Similar development questions were given to incumbent Councilman Marshall Bronson and challenger Ann Dannhauer. In one, they were questioned about high-density housing.

Bronson said there has to be housing that is representative of the community and high-density housing is more affordable.

Dannhauer wants to see more green space and parks in Coupeville. She said that could be done through voluntary down-zoning in town.

Bronson said the town already has a considerable amount of park space.

“I personally think the town can’t afford additional parks,” Bronson said.

Bronson was also questioned about the property the town purchased on Broadway. That property is used to provide construction access to the Krueger Commons cottage housing project.

Bronson said that property will be eventually used to extend Fourth Street.

In the third seat up for election this year, incumbent Molly Hughes is looking to keep her seat, while Roxallanne Medley hopes to win it.

One audience member accused Medley of idle complaining concerning the shoreline plan process and questioned why she didn’t attend the meetings.

Medley said she has been a proponent of the research provided by the Department of Ecology. She has attended the public meetings concerning the shoreline plan.

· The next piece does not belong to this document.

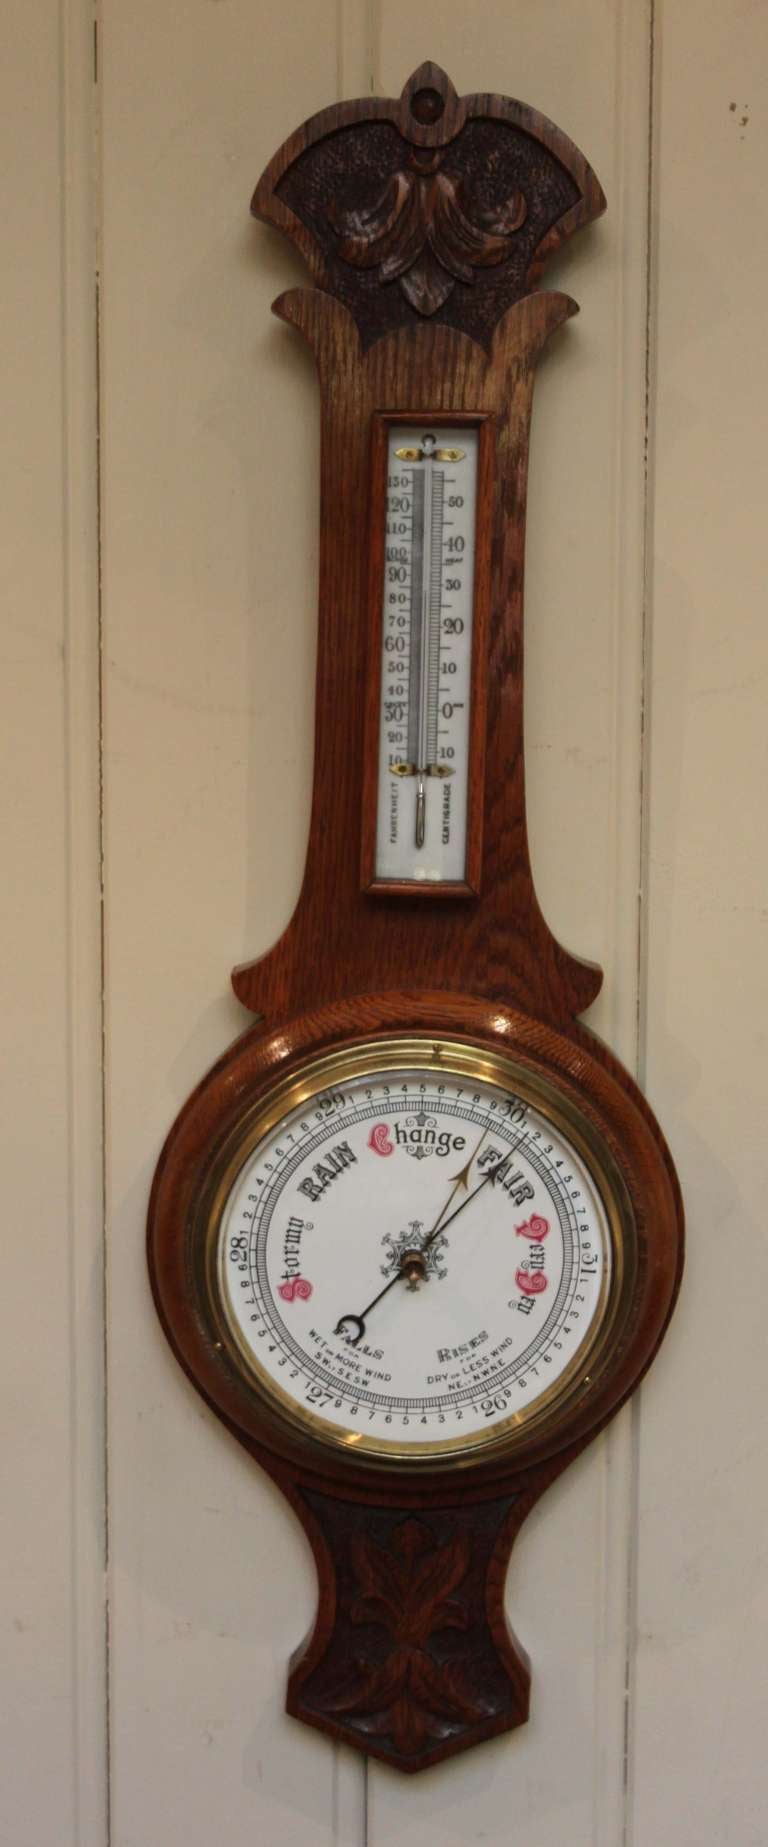 Solid golden oak aneroid banjo barometer having a carved top and bottom with a white dial dial and a mercury thermometer
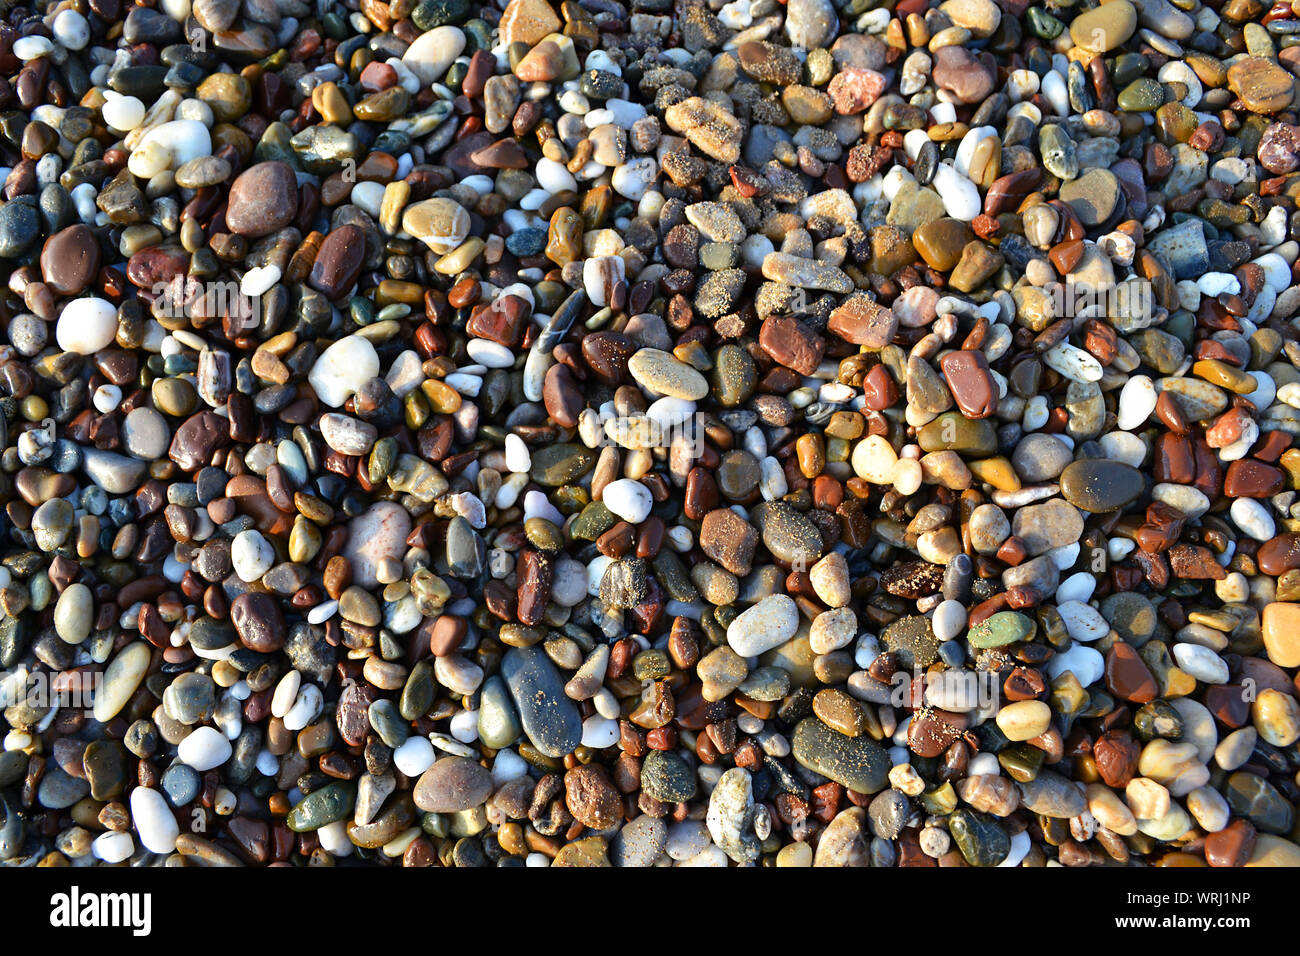 Top-view of many wet and sandy sea stones of different colour, form and size at the beach Stock Photo

Medley was also questioned about why she chose to run for town council this year. Medley said she ran for town council six years ago and lost by 19 votes to Phil Williamson. She said that election left her burned out. With all of the projects coming up, she thought this year was the best time to jump back in.

Hughes was questioned about why the town has been slow to utilize low-impact development standards. She disagreed with the idea that the town is slow in using those standard and said the town already works with developers to incorporate such standard into projects.

On the other hand, Medley said their isn’t enough being done for low-impact development. She said the town needs to develop a LID manual that is specific to Coupeville.

Another member of the audience questioned why the new buildings where Christopher’s restaurant is located didn’t incorporate low impact development standards.

Hughes said the lot wasn’t a good candidate for such LID techniques as pervious surfaces. She also complimented the owners for their efforts cleaning the property, which used to be a gas station.

Medley said maybe other LID techniques could have been incorporated such as bio swales or retention gardens.

The upcoming historic preservation plan also came up during the forum. Medley said the plan helps everybody in town and the Design Review Board critically needs the guidelines.

In fact, she said those clear guidelines could have prevented the demolition of the historic Vaughn house that took place last summer.

Hughes said the town already has a demolition ordinance and a preservation ordinance. The proposed guidelines, she said, just pumps up the current regulations. She said the Vaughn house demolition went through an approval process once town staff discovered the house was listed as an historic home.

“I think the town has been up front about the Vaughn house,” Hughes said adding the staff caught the paperwork snafu before it was demolished. “It did go through a process. It did go through the process quickly.”

In addition to the candidates for the town of Coupeville positions, the audience heard from candidates for seats on the Port of Coupeville.

Benye Weber, who is looking to keep her seat, spoke at the forum while her challenger, Dennis Parbs, who wasn’t able to attend. Instead, his wife read a written statement in his place.

The mayor candidates will debate again Oct. 10 at the Coupeville Recreation Hall.